## Try it
Nothing but the lines from the one holding "arabian jasmine izmirmasajfo" through the last line of the material below should be set down, exactly and without images.

## Input data
※

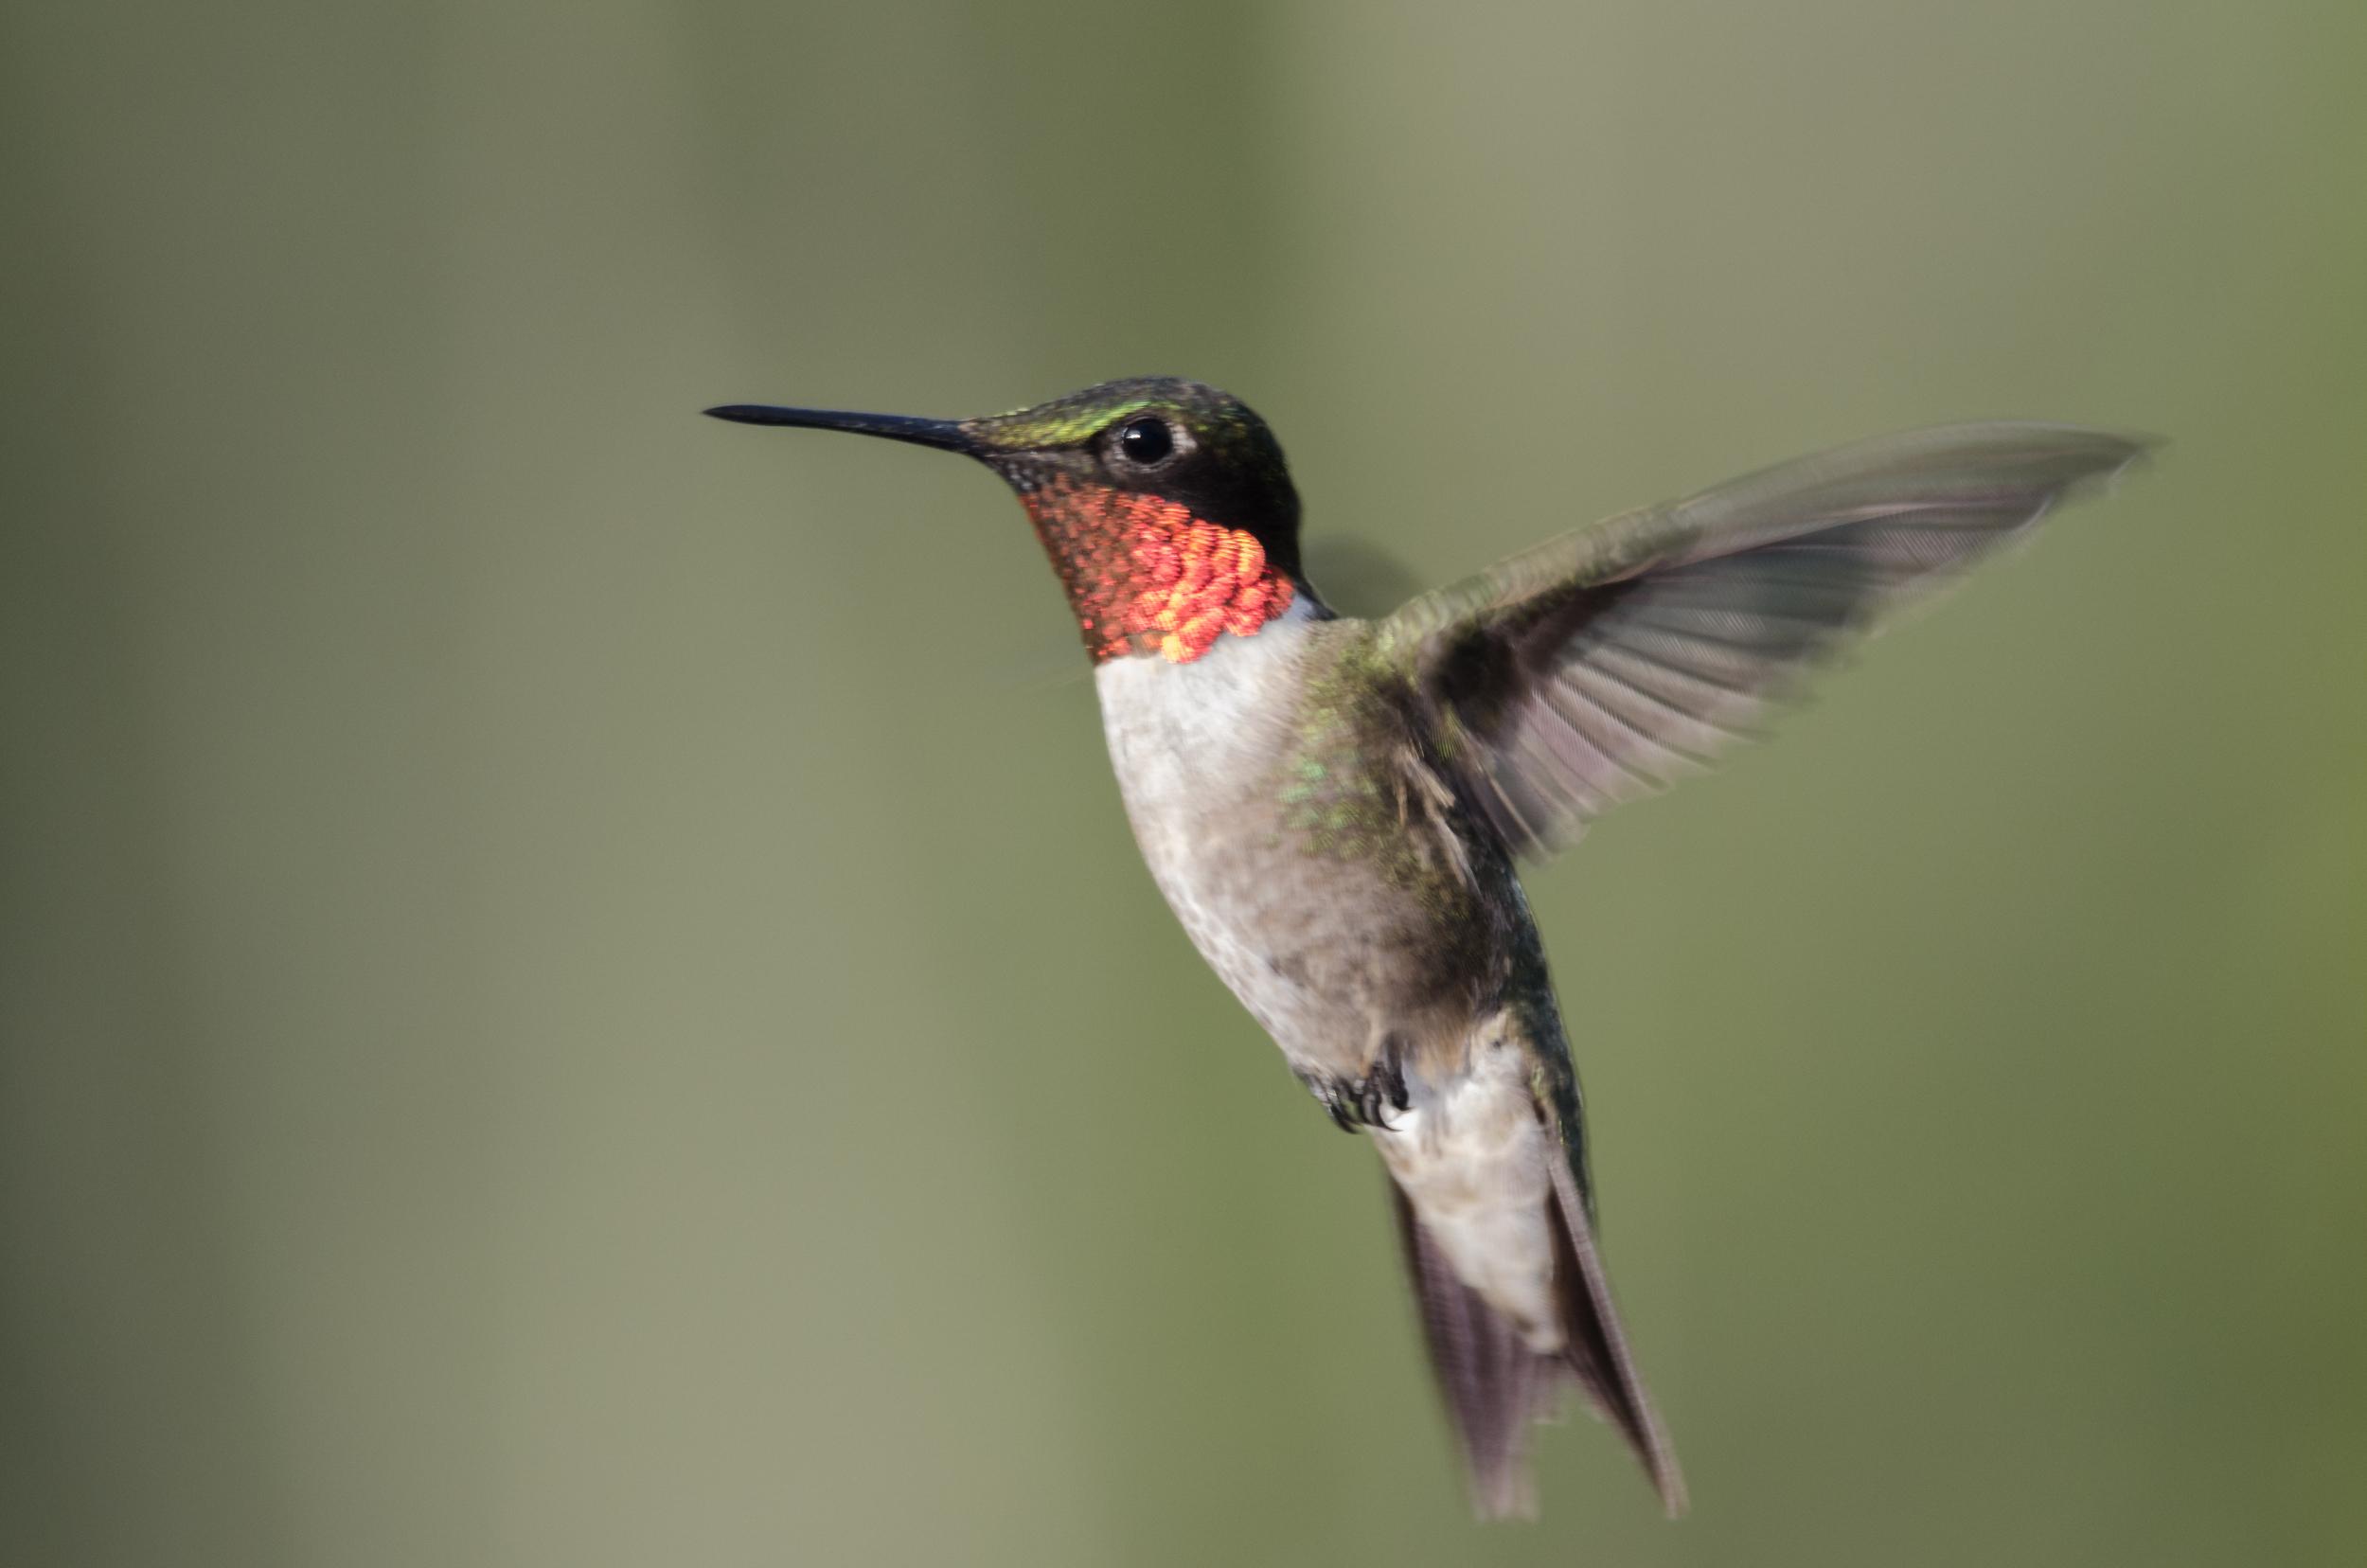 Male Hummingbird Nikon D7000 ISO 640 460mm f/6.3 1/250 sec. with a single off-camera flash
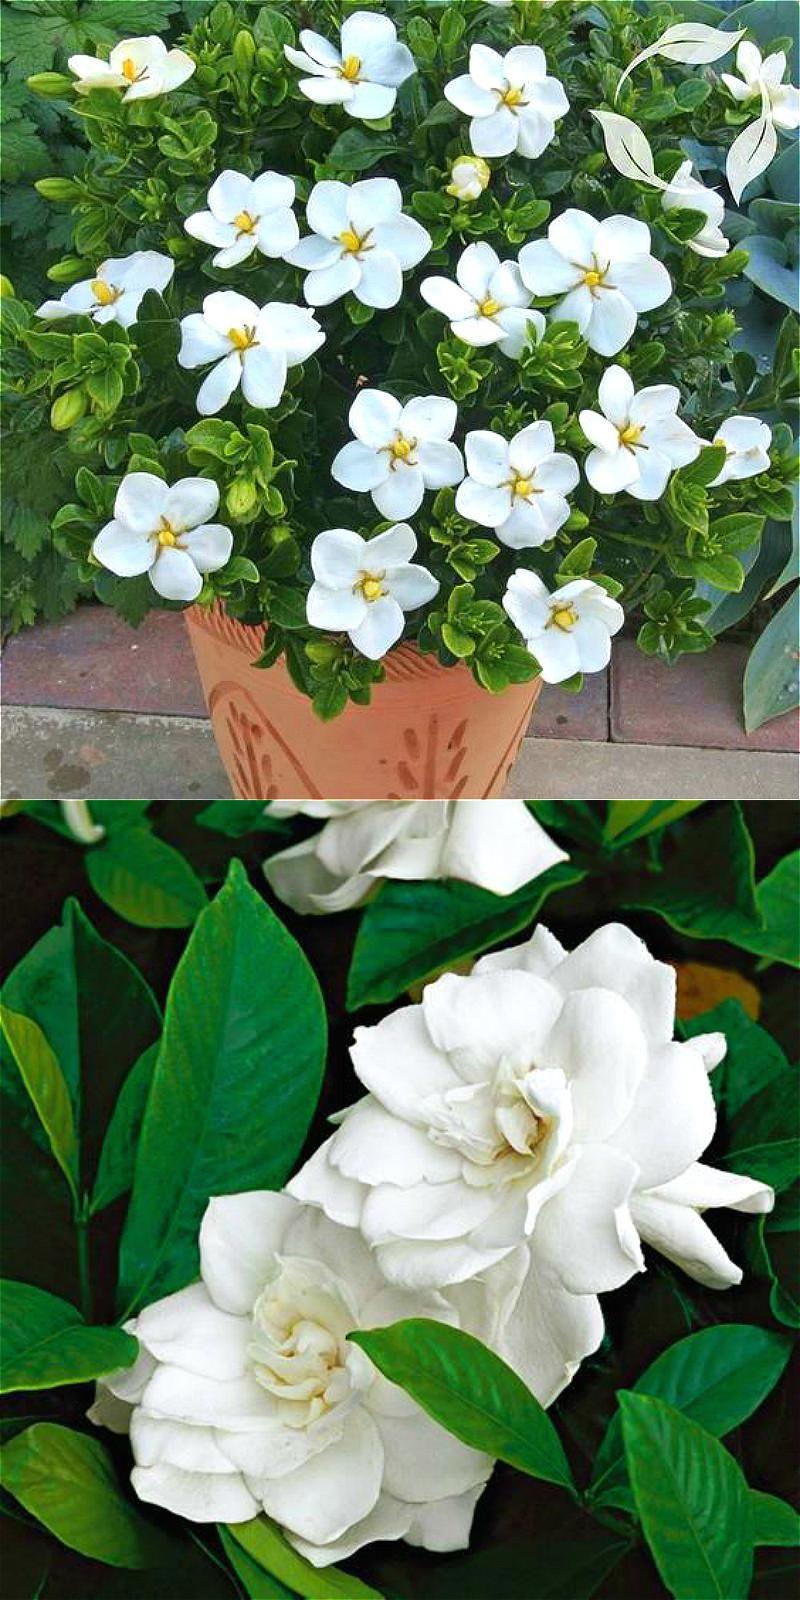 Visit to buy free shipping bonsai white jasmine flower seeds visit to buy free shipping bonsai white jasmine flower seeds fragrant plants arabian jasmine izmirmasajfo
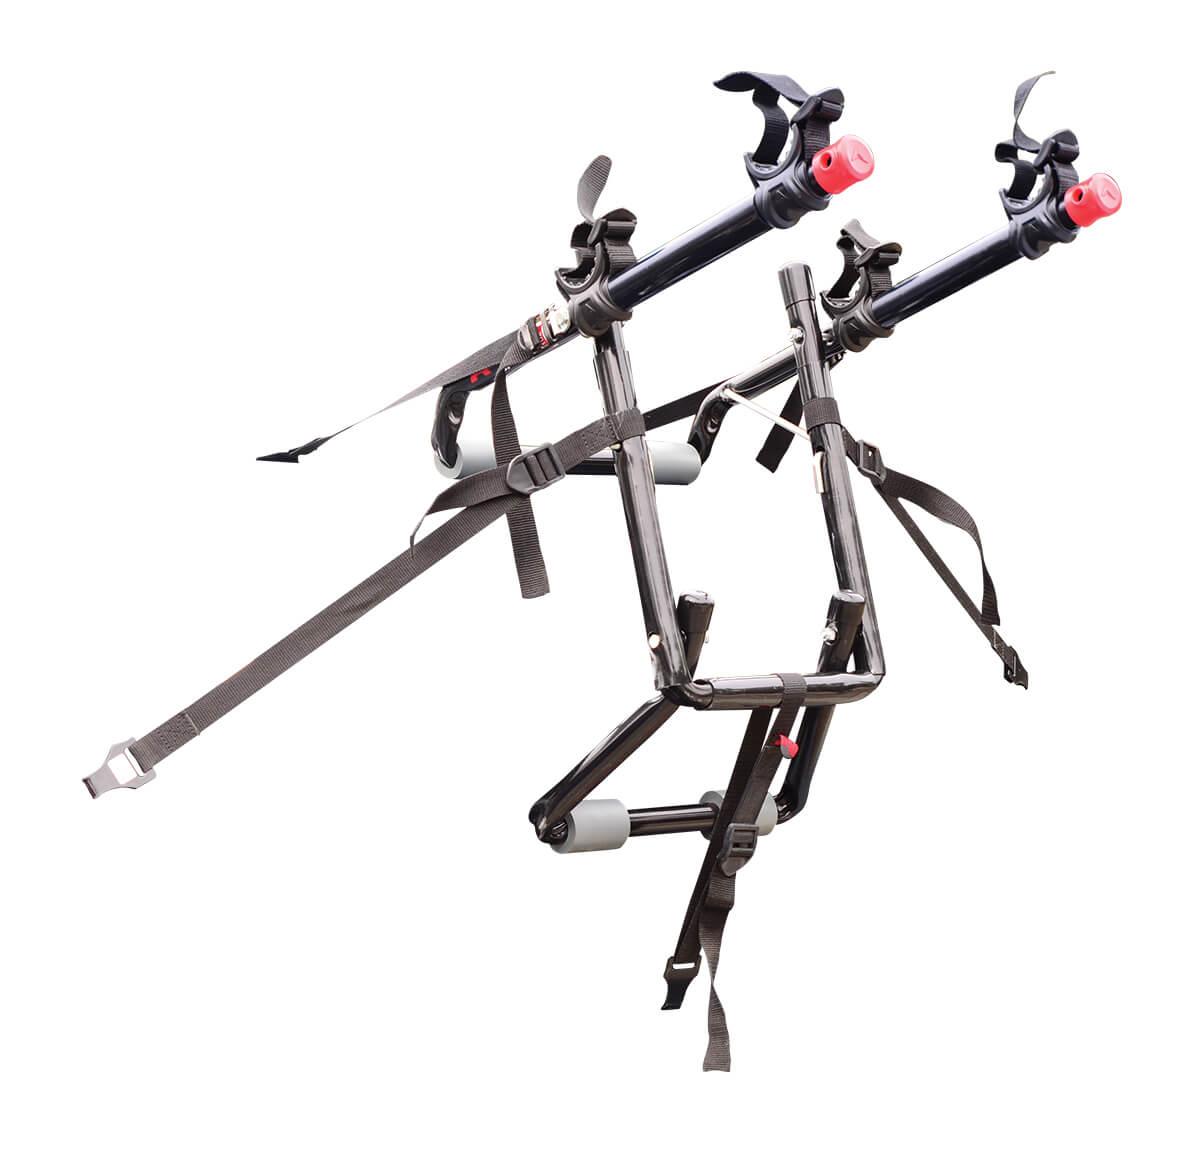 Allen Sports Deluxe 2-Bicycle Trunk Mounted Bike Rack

※

## Your solution
 Visit to buy free shipping bonsai white jasmine flower seeds visit to buy free shipping bonsai white jasmine flower seeds fragrant plants arabian jasmine izmirmasajfo
 Allen Sports Deluxe 2-Bicycle Trunk Mounted Bike Rack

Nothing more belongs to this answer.